Output, please, exactly those lines of the listing that come before the line with "28.New Vista of Shanghai- Color ink-2", along with that line itself.

◇ ◇ ◇ ◇

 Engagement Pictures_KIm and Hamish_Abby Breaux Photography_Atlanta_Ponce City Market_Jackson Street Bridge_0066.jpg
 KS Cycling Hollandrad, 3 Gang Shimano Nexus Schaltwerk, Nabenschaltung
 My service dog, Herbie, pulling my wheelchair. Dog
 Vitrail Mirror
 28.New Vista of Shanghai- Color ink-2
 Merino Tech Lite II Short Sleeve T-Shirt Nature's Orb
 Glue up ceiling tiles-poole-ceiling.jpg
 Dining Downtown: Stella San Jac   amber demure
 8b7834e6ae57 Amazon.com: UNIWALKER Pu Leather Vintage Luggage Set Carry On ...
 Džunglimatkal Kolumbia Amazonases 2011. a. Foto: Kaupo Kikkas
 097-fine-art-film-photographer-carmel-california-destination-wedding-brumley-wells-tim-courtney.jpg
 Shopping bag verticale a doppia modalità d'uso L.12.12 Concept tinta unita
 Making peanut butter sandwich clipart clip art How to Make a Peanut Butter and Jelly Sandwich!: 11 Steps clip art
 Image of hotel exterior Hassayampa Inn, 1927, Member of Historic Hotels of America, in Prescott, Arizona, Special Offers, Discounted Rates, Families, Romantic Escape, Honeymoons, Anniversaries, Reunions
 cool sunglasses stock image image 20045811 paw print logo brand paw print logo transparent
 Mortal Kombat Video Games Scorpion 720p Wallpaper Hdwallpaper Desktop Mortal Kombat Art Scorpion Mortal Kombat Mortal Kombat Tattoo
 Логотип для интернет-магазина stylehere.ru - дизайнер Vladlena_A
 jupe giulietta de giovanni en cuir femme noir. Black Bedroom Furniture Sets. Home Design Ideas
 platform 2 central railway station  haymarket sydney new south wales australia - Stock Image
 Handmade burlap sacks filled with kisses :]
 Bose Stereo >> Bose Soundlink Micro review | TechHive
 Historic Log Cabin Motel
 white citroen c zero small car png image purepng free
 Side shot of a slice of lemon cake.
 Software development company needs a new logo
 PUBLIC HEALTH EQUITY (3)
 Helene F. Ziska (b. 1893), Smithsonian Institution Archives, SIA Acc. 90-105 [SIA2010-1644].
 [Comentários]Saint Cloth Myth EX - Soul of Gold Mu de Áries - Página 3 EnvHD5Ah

◇ ◇ ◇ ◇

### YOUR SOLUTION
 Engagement Pictures_KIm and Hamish_Abby Breaux Photography_Atlanta_Ponce City Market_Jackson Street Bridge_0066.jpg
 KS Cycling Hollandrad, 3 Gang Shimano Nexus Schaltwerk, Nabenschaltung
 My service dog, Herbie, pulling my wheelchair. Dog
 Vitrail Mirror
 28.New Vista of Shanghai- Color ink-2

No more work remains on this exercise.